Vrbo has a Trustpilot rating that hovers around 1.3 out of 5, and their BBB customer review score sits at a dismal 1.03 out of 5 stars based on 639 reviews. That's rough. Users are reporting double bookings, refund delays stretching weeks, and hosts who ghost them entirely. One Trustpilot reviewer put it bluntly: "Took my money a month ago and cancelled my booking today. Ruining my partner's birthday weekend." Common vrbo complaints include incorrect charges, cancellation disputes, and support agents who can't actually fix anything. If you're here because something went wrong with your trip, you're not alone. Visit Vrbo to start, but if that hasn't worked, here's what to do next.

Last Edited on 20 Mar, 2026
Olivia Harper, Senior Content Manager
12 min read

Best Ways to Complain to Vrbo

Vrbo contact methods and complaint channels illustration

Contact Method Details & Availability Why Use This Expected Wait Time
Phone 1-877-202-4291, available 24 hours a day, 365 days a year Best for urgent issues like same-day cancellations or active booking problems. Ask for a real person immediately. 10–30 minutes depending on time of day
Live Chat Available through vrbo.com or the Vrbo app. Log in, go to Help, and start a chat session. Vrbo live chat is good for non-urgent disputes and creates a written record of the conversation. 5–20 minutes
Email / Contact Form No direct public email. Use the Help Center contact form at vrbo.com/help Best for formal complaints and situations where you need a paper trail. 24–72 hours
Social Media (X/Twitter) @vrbo on X (Twitter) and @vrbo on Facebook Public posts often get faster attention. Tag them and keep it factual. A few hours to 1 business day
In-App Support Open the Vrbo app, go to your booking, tap "Help" for booking-specific support Ties your complaint directly to the reservation. Useful for refund or damage claim disputes. 15–45 minutes

Tips to Get a Quicker Response from Vrbo

  • Call early in the morning. Vrbo support is 24/7, but wait times are noticeably shorter before 9am Eastern. Mid-afternoon on weekdays is the worst time to call.
  • Use vrbo chat support for a written record. If you ever need to escalate, having the chat transcript is gold. Screenshot it before you close the window, because the session history isn't always easy to retrieve later.
  • Have your booking confirmation number ready before you dial or chat. Agents can't pull up your account without it, and every second you spend searching for it adds to your wait.
  • Say "billing dispute" early in the call. This often routes you to a more senior team instead of a general support queue. It's a small trick but it works.
  • If the first agent can't help, ask for a supervisor. Don't wait ten minutes hoping they'll escalate it themselves. Just ask upfront.

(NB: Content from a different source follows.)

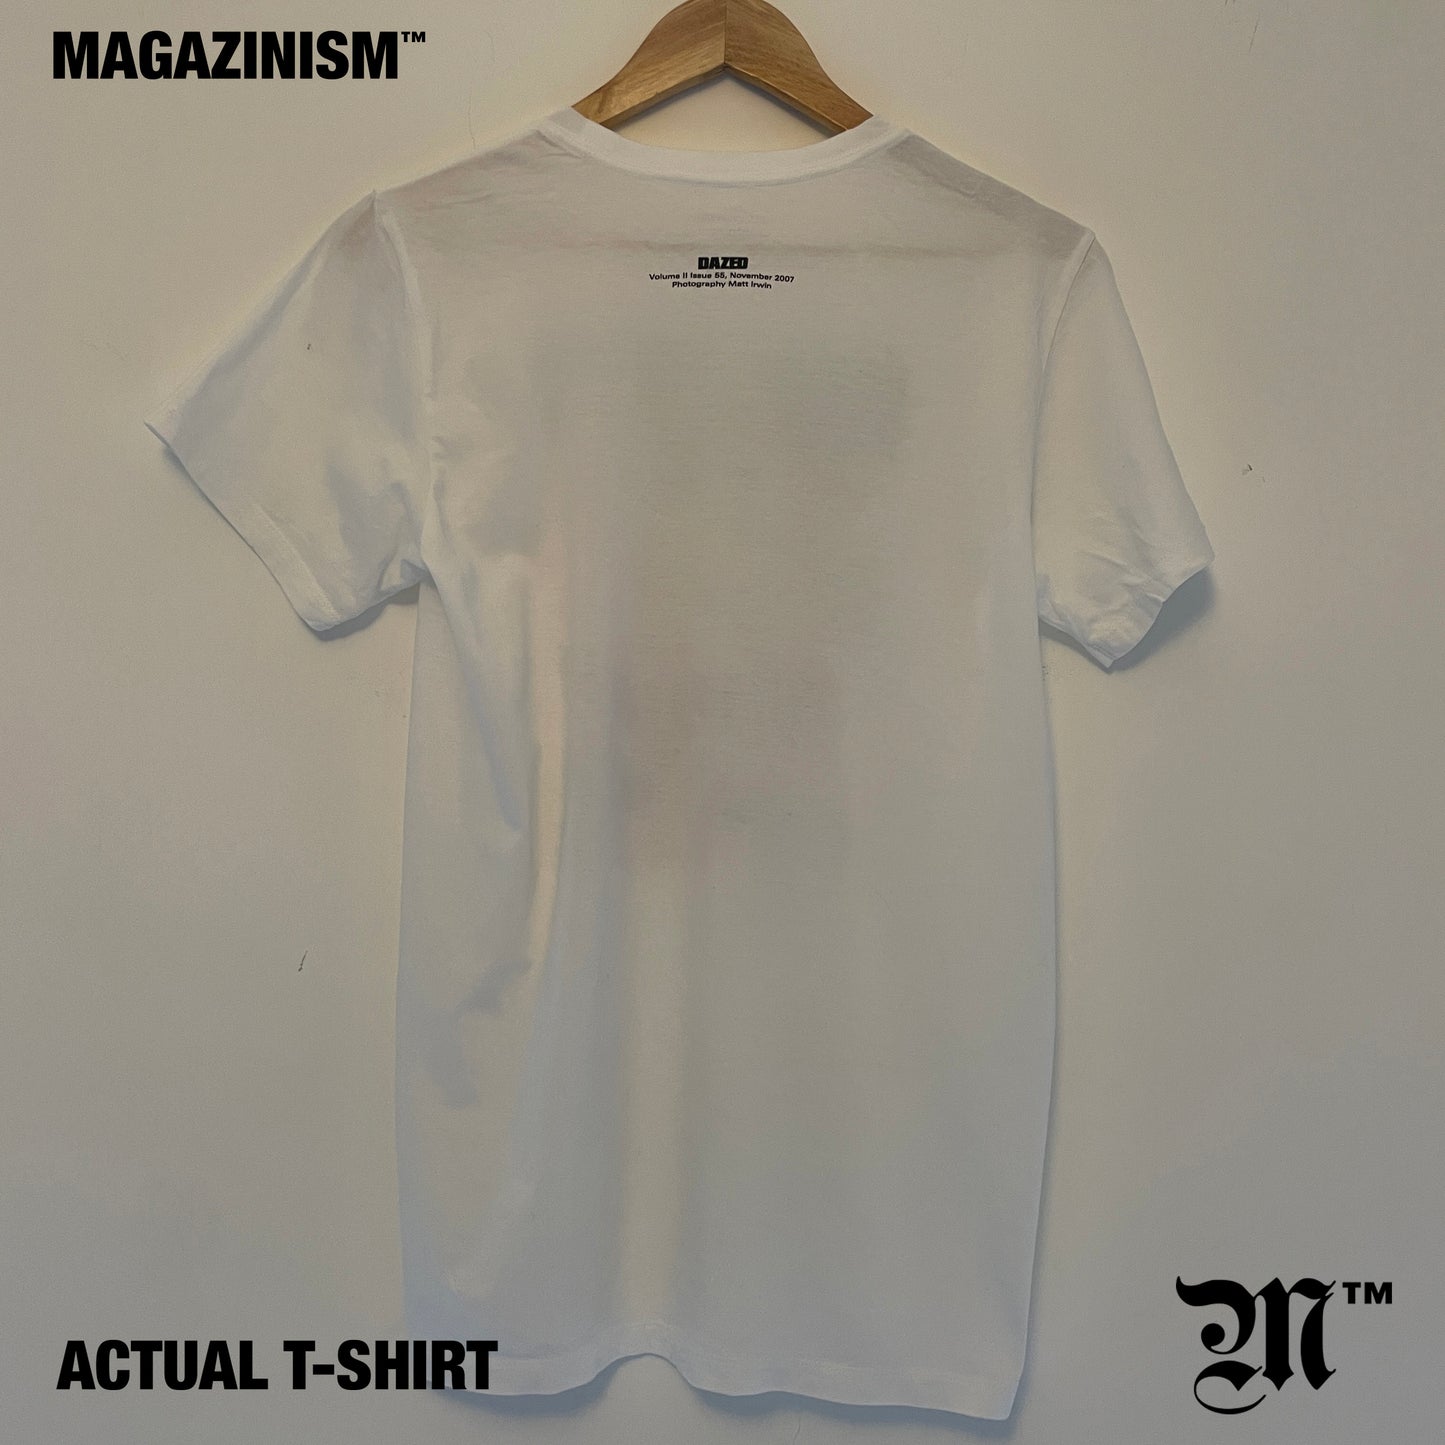 Dazed & Confused X Calvin Klein T-shirt

Before Making a Complaint to Vrbo: What to Gather

Getting organized before you contact Vrbo saves you a lot of back-and-forth. Here's what you need:

  • Booking confirmation number (found in your email or Vrbo account dashboard)
  • Dates of your stay and the property name or listing ID
  • Screenshots of the listing as it appeared when you booked, especially if the description was misleading
  • All messages exchanged with the host through the Vrbo platform
  • Photos or videos if the property had issues (cleanliness, damage, missing amenities)
  • Billing statements showing exactly what was charged and when
  • Any previous support ticket numbers or chat transcripts from earlier attempts
  • A clear, one-sentence summary of what you want (refund, partial credit, rebooking, apology in writing)

Users on Reddit's r/vrbo thread consistently say that agents respond faster when you lead with a booking number and a specific dollar amount in dispute. Vague complaints get vague responses. Be specific from the start.

How to Escalate Your Complaint Against Vrbo

Vrbo escalation path and regulatory bodies illustration

If Vrbo's front-line support hasn't fixed your problem, don't stop there. Here's a realistic escalation path.

Step 1: Request a Supervisor or Escalations Team

When you call 1-877-202-4291, ask specifically to be transferred to the Escalations Department. Not a supervisor, the escalations team. Some users report this gets routed differently and results in faster resolution.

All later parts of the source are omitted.